Pandemiyle birlikte yeniden gündeme gelen, eski saraylara ve asil hanelere bağlı olan bu tarihi şarap pencereleri, çoğu orta çağa kadar uzanan Floransa çevresinde görülebilir. Yalnızca Floransa’nın eski şehir duvarları içinde 150’den fazla şarap penceresi bulunuyor.



Yeni normalin bir parçası.
Floransalılar şimdi haklı olarak bu eşsiz tarih parçalarına sahip çıkıyorlar. 2016 yılında hem turistler hem de yerel halk arasında farkındalık yaratmaya yardımcı olmak için kurulan Şarap Penceresi Derneği de onları korumak, belgelemek ve tanıtmak için bir görev üstleniyor. Artık tüm pencereler koruma altında ancak vandalizm hala bir sorun.

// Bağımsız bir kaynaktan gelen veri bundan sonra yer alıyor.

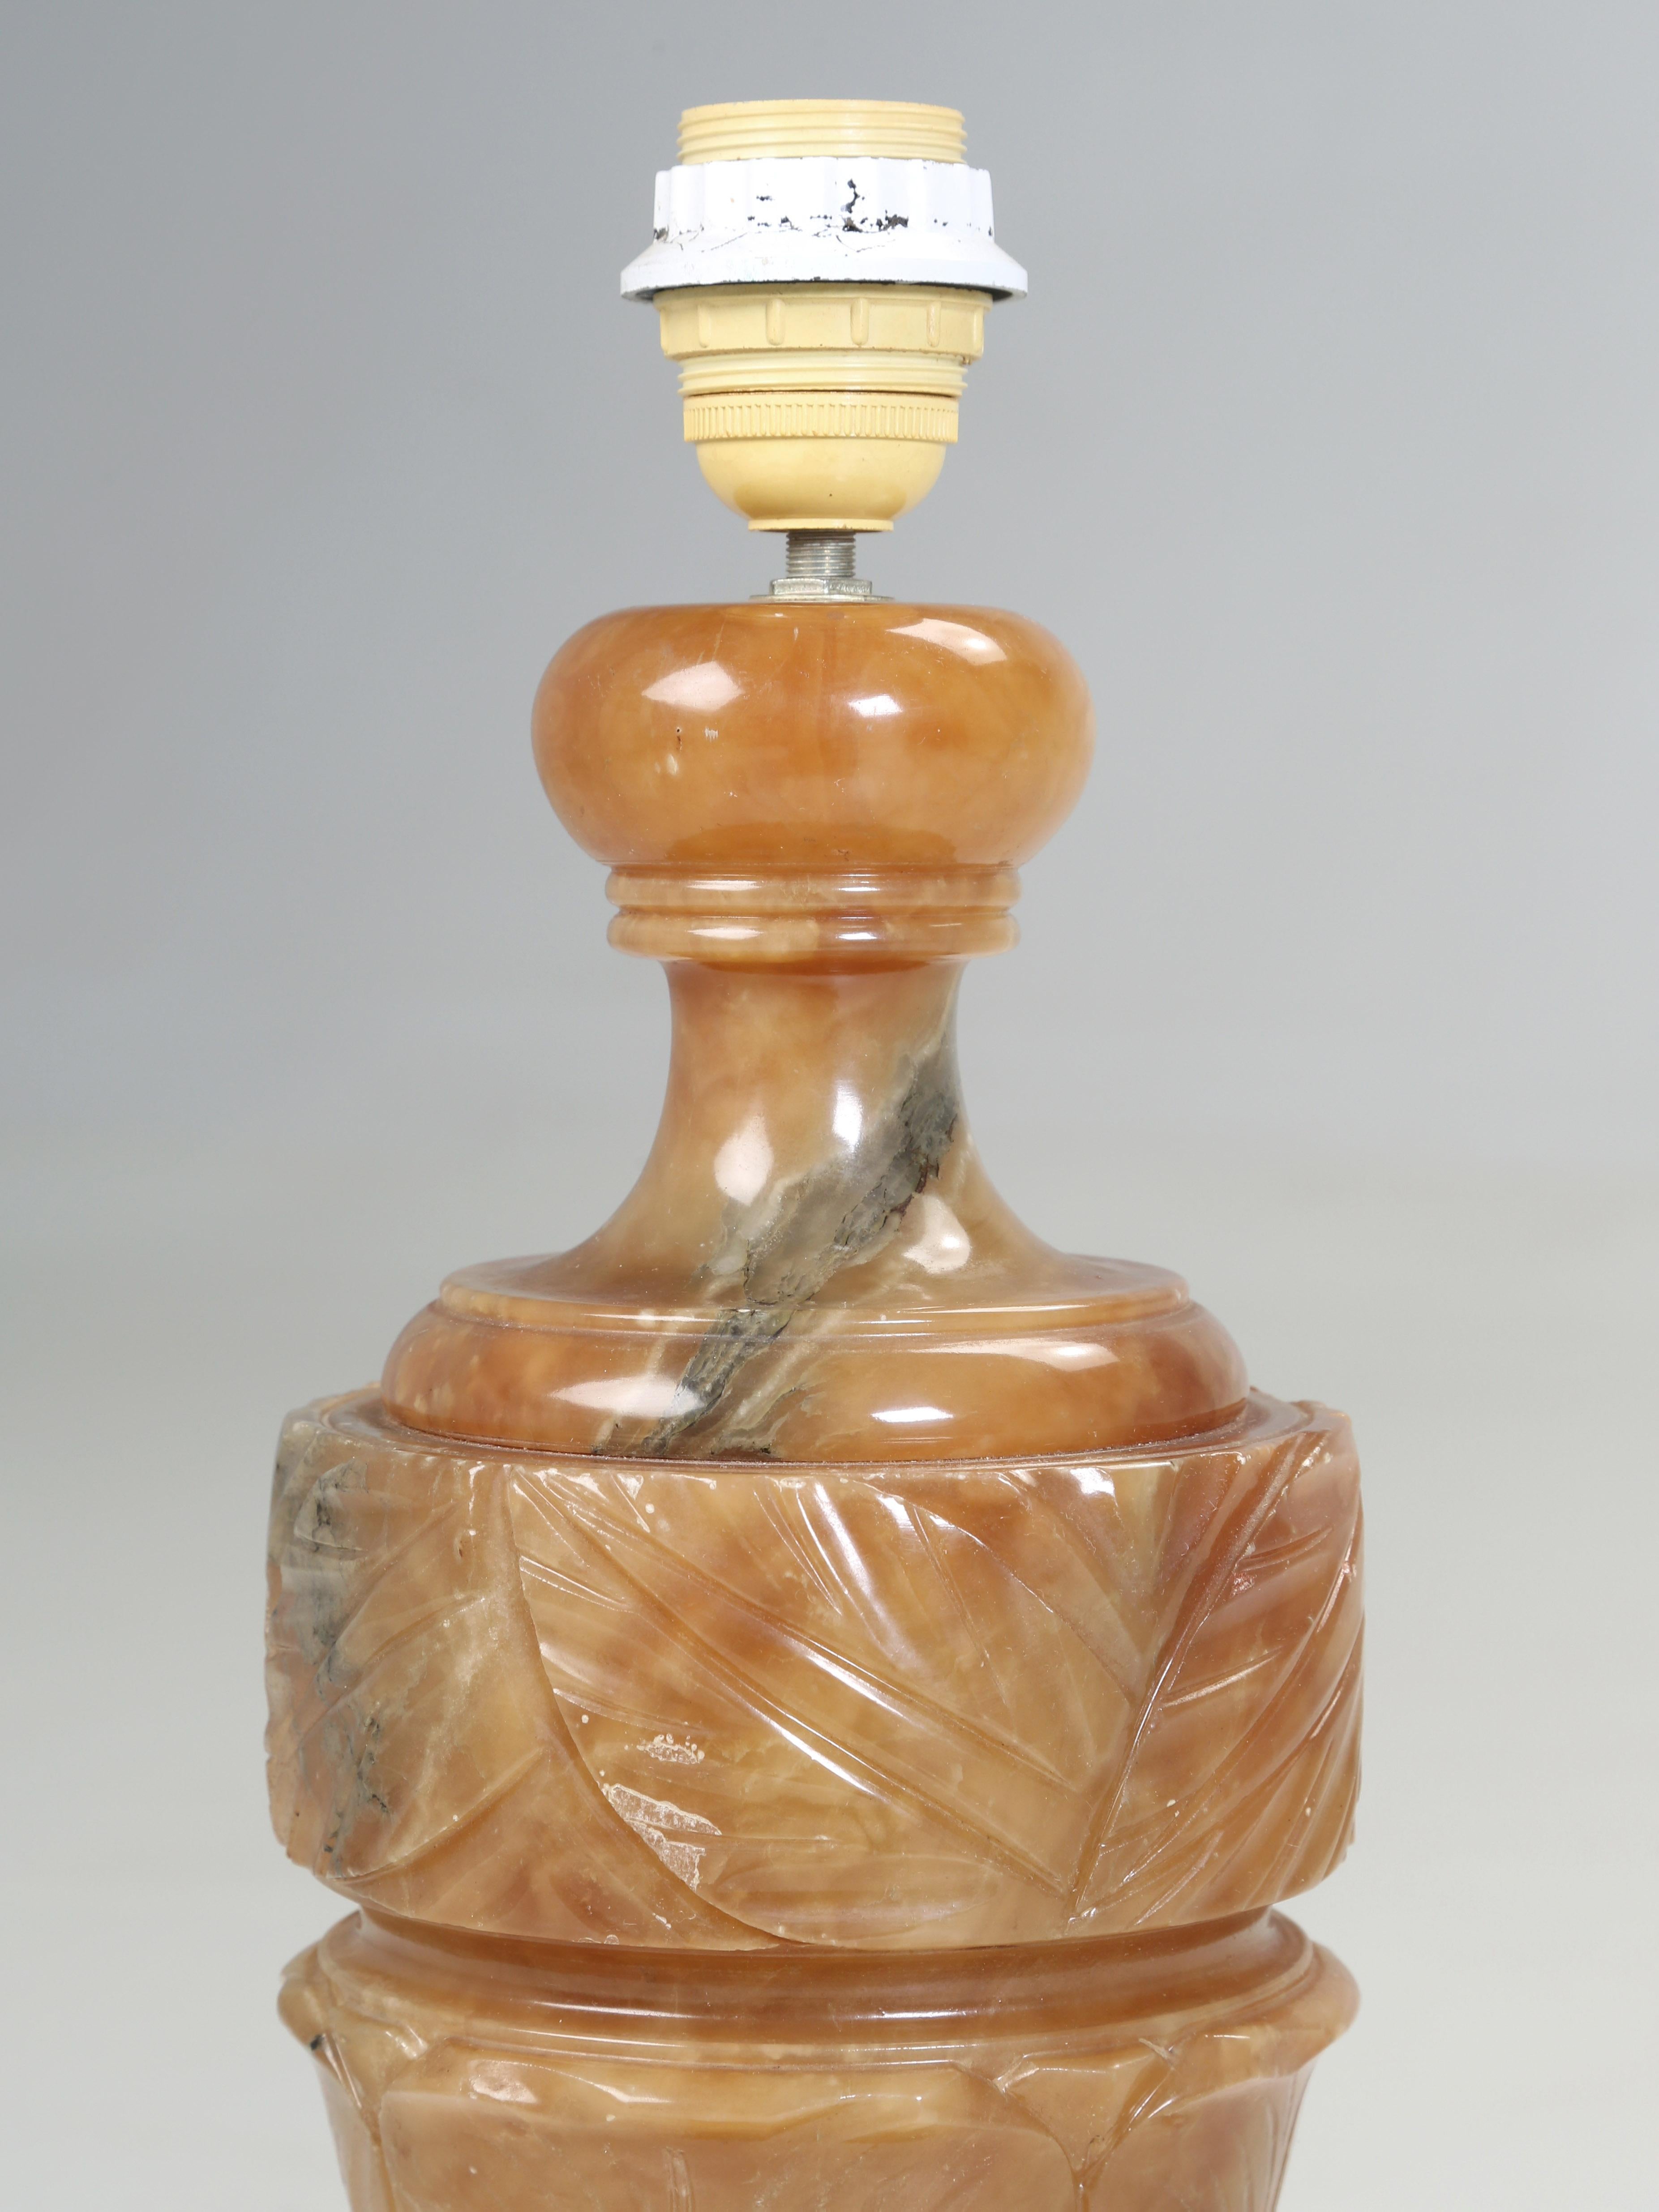 Schöne handgeschnitzte Alabaster-Lampe aus Frankreich importiert und erfordert Umverdrahtung für die USA.
Den Stein Alabaster gibt es in verschiedenen Farben, die aber meist weiß, gelb oder orange sind. Das Mineral ist ideal für die Schnitzerei, da

Derneğin başkanı Matteo Faglia, COVID’den sonra şarap pencerelerine yönelik tutumların değişmeye başlayacağını umuyor; “insanlar pencerelerin ne olduğunun ve geçmişinin farkına vardığında onlara daha fazla saygı duyma eğilimindeler. Bu nedenle tüm şarap pencerelerine bir plaket koymak istiyoruz” diyor.
Belki de şarap pencereleri Floransa’nın “yeni normal”inin bir parçası olacak.